Both gospel authors saw the importance of Jesus being created by God as all men have been, descended from Abraham as a Hebrew, descended from David - perceptively through both parents, and lived among mankind as a slightly different kind of man.
The other two gospels are not interested at all in genealogy. Their fellow followers of Christ covered it well through God’s inspiration. With the question being of the lineage of David – important to prophesy – all four move on to what Jesus came to show, and tell, mankind about Himself, God’s relationship, and God’s love for His created.
There is no value for me in any relationship to any ruler of England. There is, however, an eternal relationship for me and you as the adopted children of God:
For as many as are led by the Spirit of God, they are the sons of God. For ye have not received the spirit of bondage again to fear; but ye have received the Spirit of adoption, whereby we cry, Abba, Father.
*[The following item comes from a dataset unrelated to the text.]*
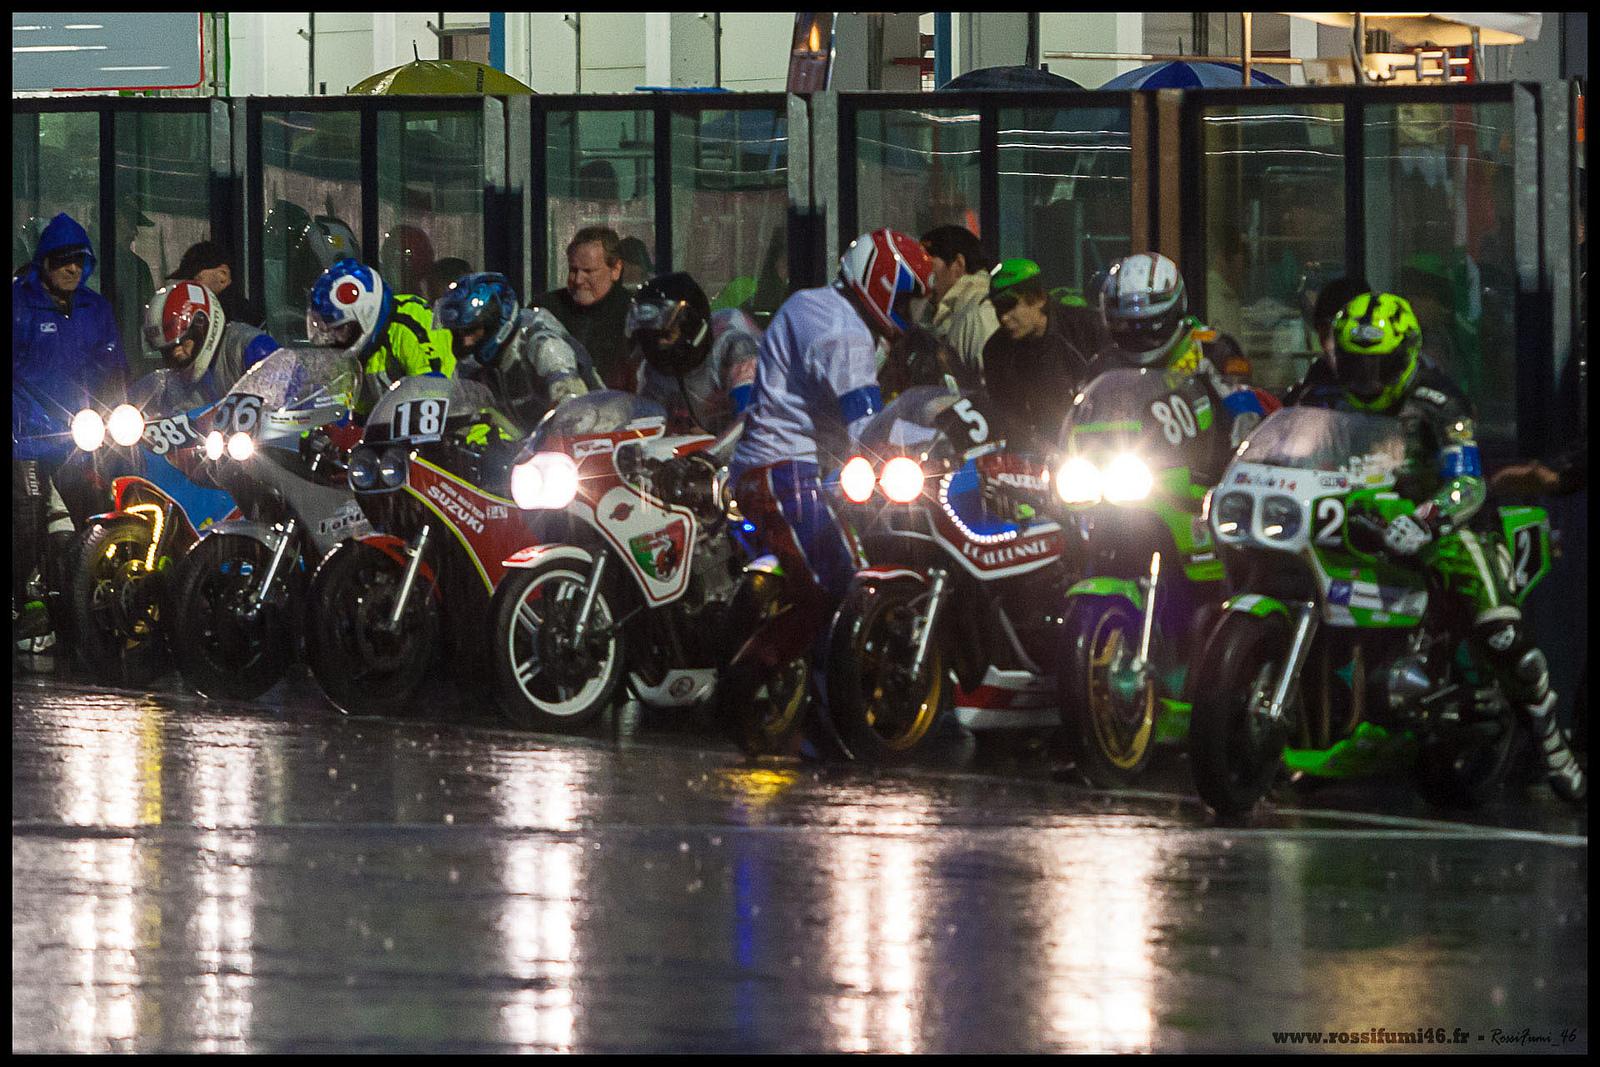 Départ type Le Mans les pilotes démarrent les motos Manche 1 BOC 2013
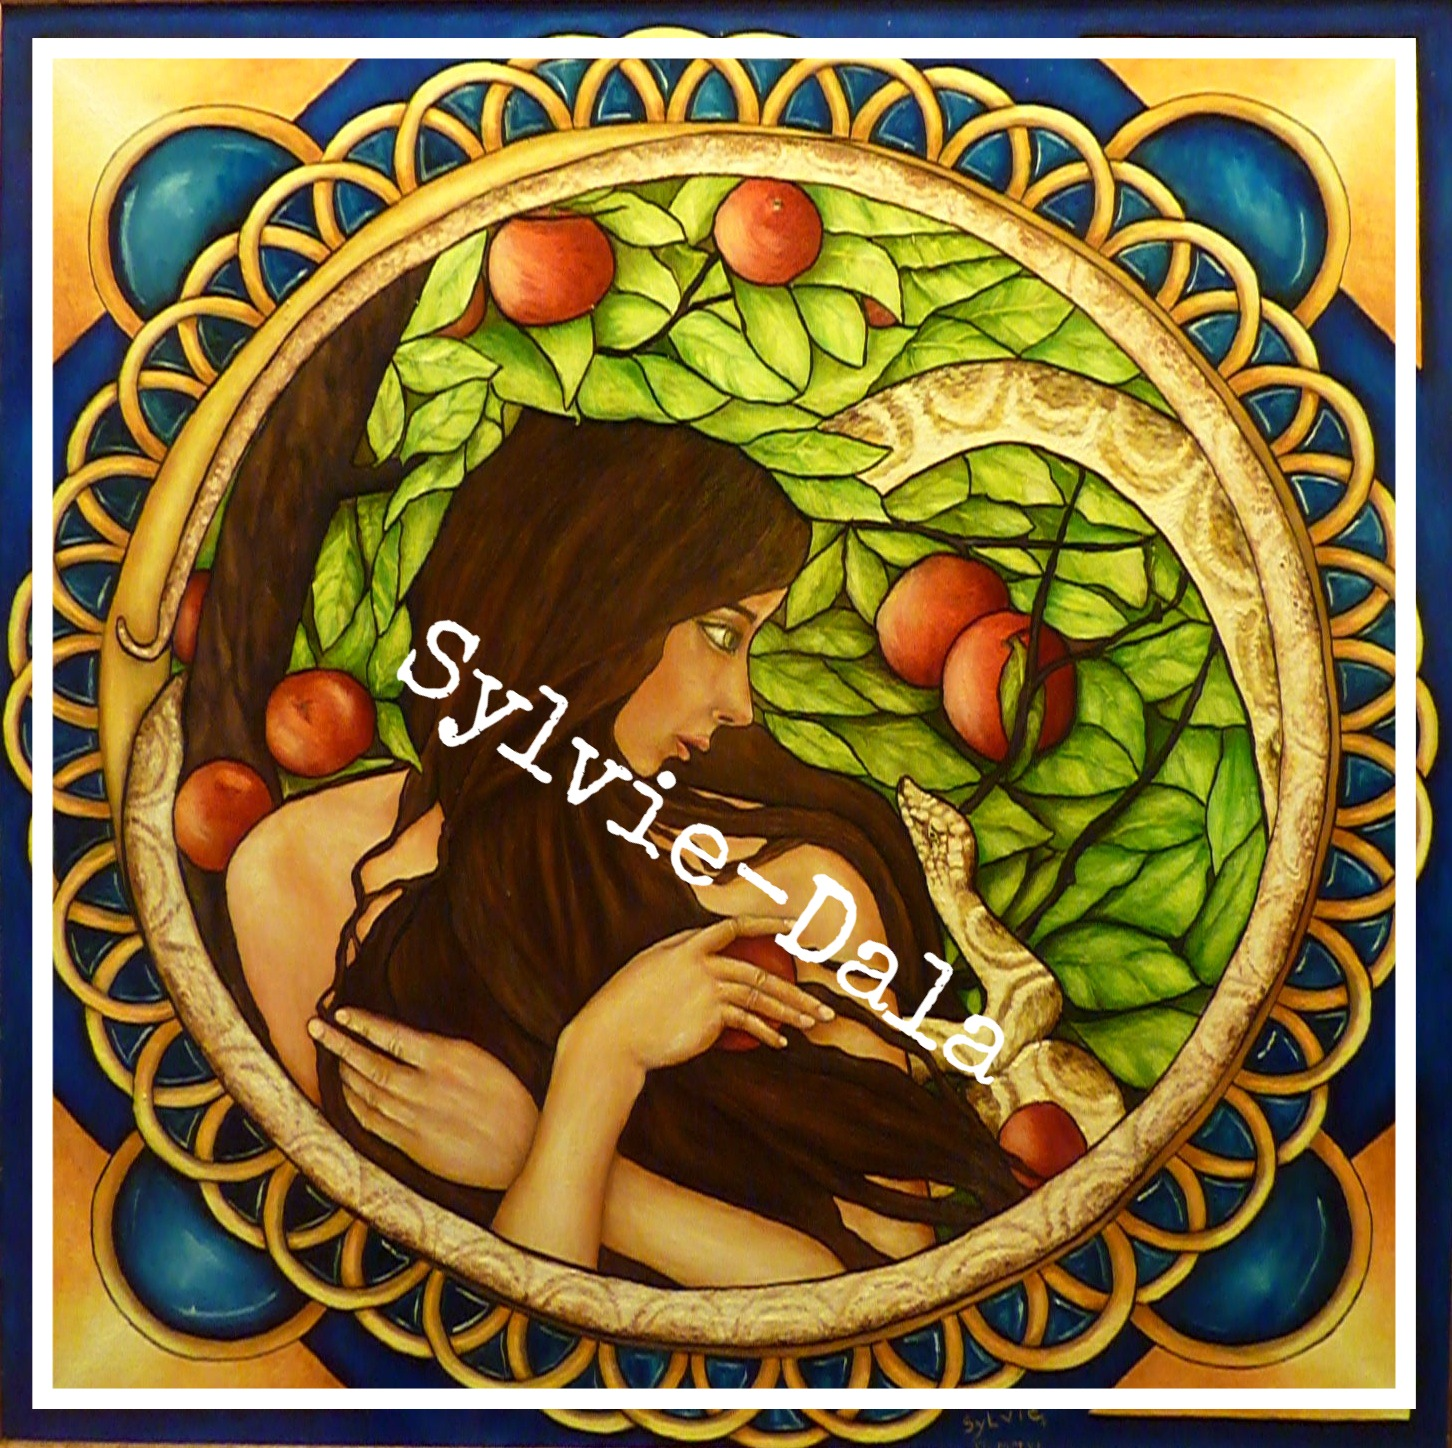 Eve du temps où elle croqua la pomme

The Spirit itself beareth witness with our spirit, that we are the children of God: And if children, then heirs; heirs of God, and joint-heirs with Christ; if so be that we suffer with him, that we may be also glorified together.
(Romans 8:14-17 KJV)
But when the fulness of the time was come, God sent forth his Son, made of a woman, made under the law, To redeem them that were under the law, that we might receive the adoption of sons. And because ye are sons, God hath sent forth the Spirit of his Son into your hearts, crying, Abba, Father. Wherefore thou art no more a servant, but a son; and if a son, then an heir of God through Christ. (Galatians 4:4-7 KJV)
How would you describe the spirit of adoption?